このブログを通して大殿筋がなぜ肩こりに関係しているのか、鍛えるメリットについてお伝えいたしますので是非最後までお付き合いくださいませ。
まず大前提として、体幹の機能低下やカラダを支える筋力が低下すると、良い姿勢を維持することが難しくなります。
そうなるとカラダが前のめりになった悪い姿勢になり、首や肩など後ろ側の筋肉が引き伸ばされ、かなりのストレスがかかります。
こうして肩こりになってしまう、そんな方が多いわけです。
肩こりの根本的な解消には単に肩をほぐすだけでなく、カラダに無理な負担をかけない正しい姿勢を取ること(姿勢の改善)が必要です。

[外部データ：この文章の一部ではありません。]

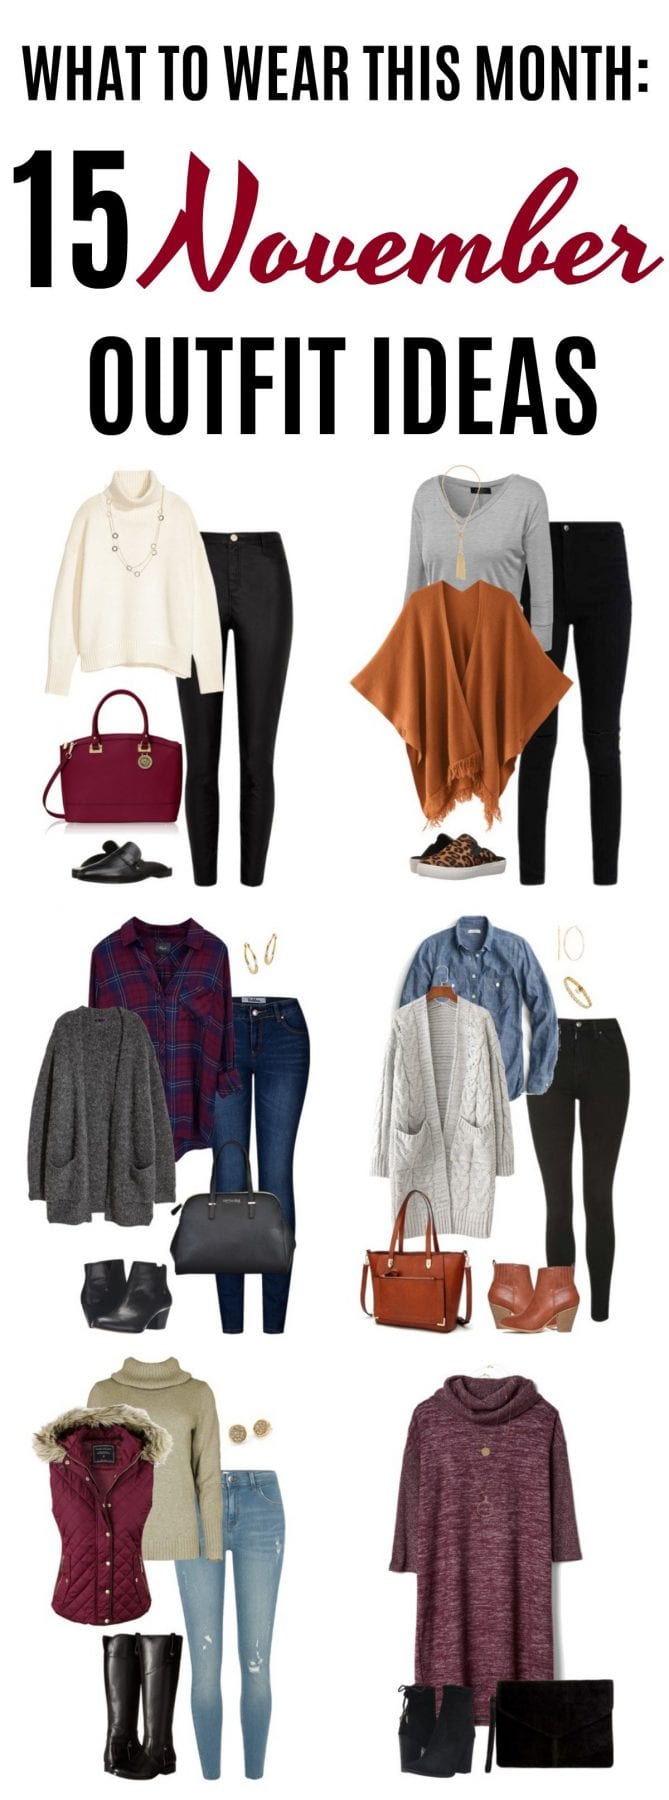 Top 10 november outfits ideas and inspiration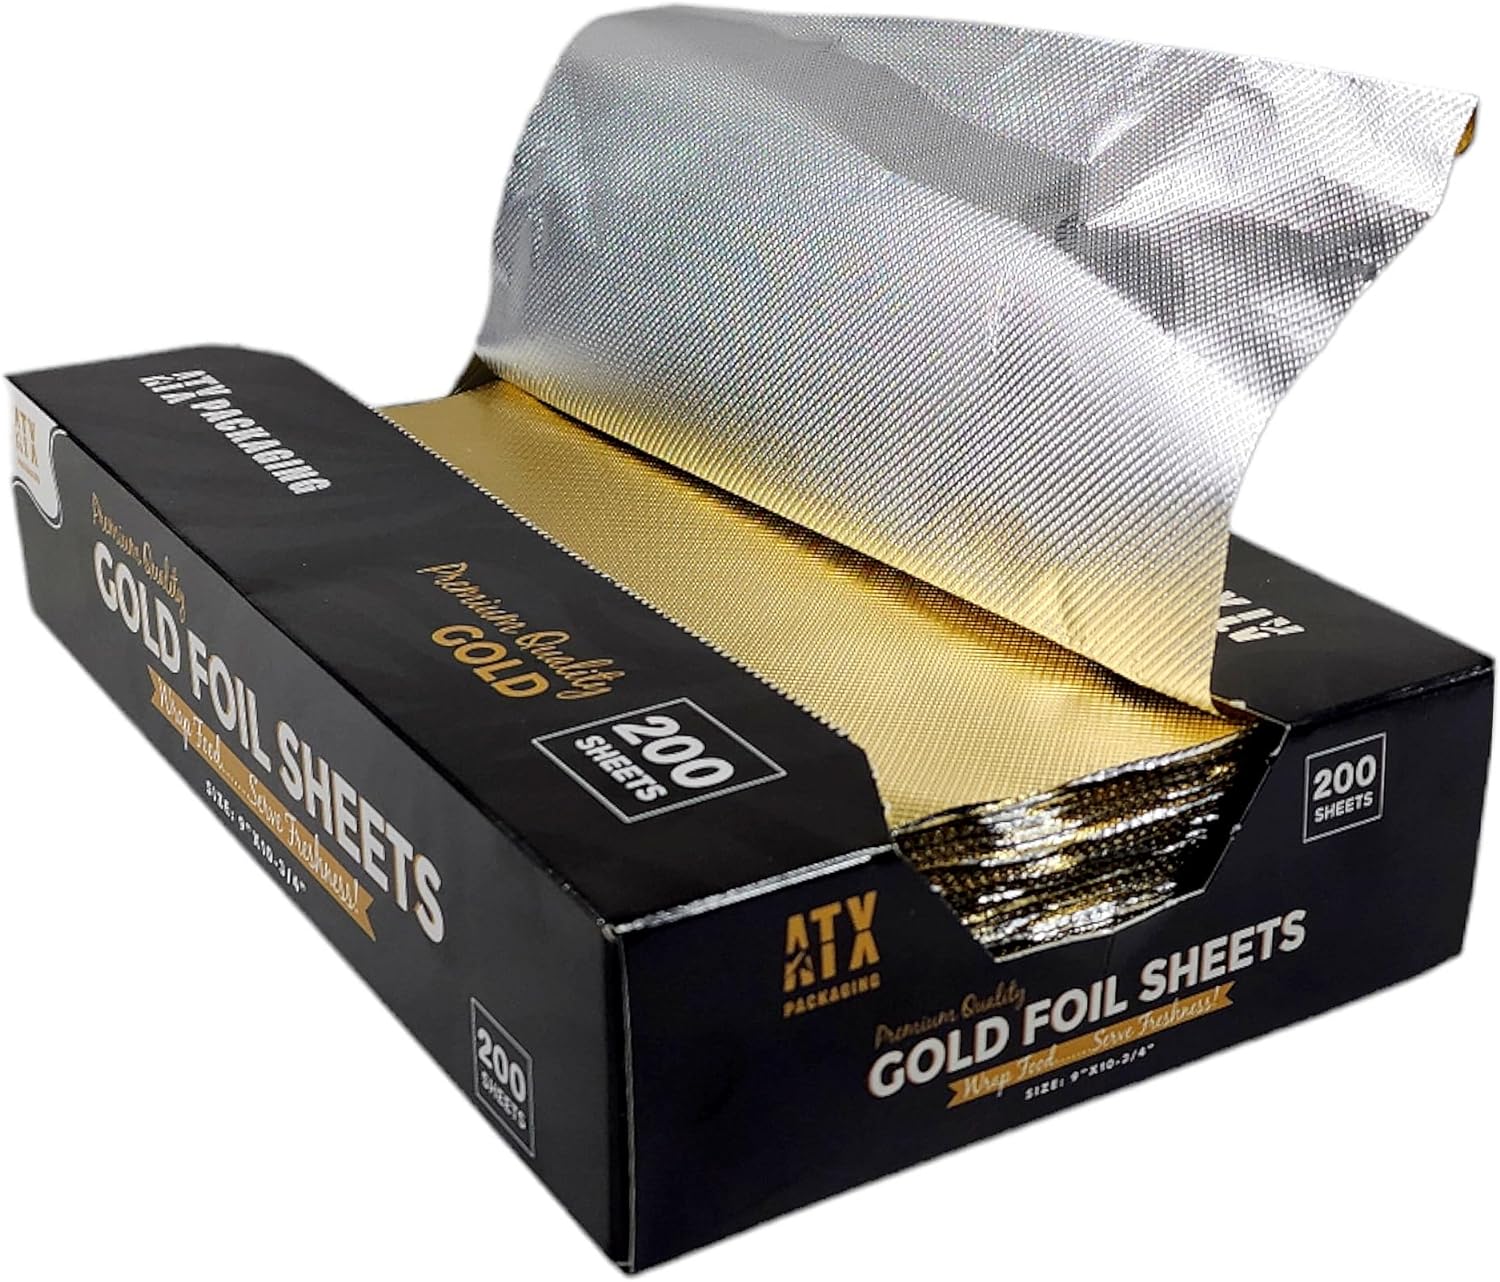 Choice 9 x 10 3/4 Gold / Silver Food Service Interfolded Pop-Up Foil  Sheets

大殿筋は姿勢維持のために働く筋肉なので、鍛えることが重要となってくるというわけです。
大殿筋とは
どんな筋肉?
では、実際大殿筋とはどんな筋肉なのでしょうか。
名前の通り、大きい殿部(お尻)の筋肉です。
まずはこちらの写真をご覧ください。
たしかにお尻のほとんどを覆っている大きい筋肉ですね。
大きいから大殿筋…
っていうことは大中小あるの?と思われた方、鋭いです。
中殿筋、小殿筋も存在します。
1つ1つの筋肉についてはまた別の機会に詳しく解説できればと思います。
話を大殿筋に戻しまして、大殿筋は人体の中で最も強力な筋肉です。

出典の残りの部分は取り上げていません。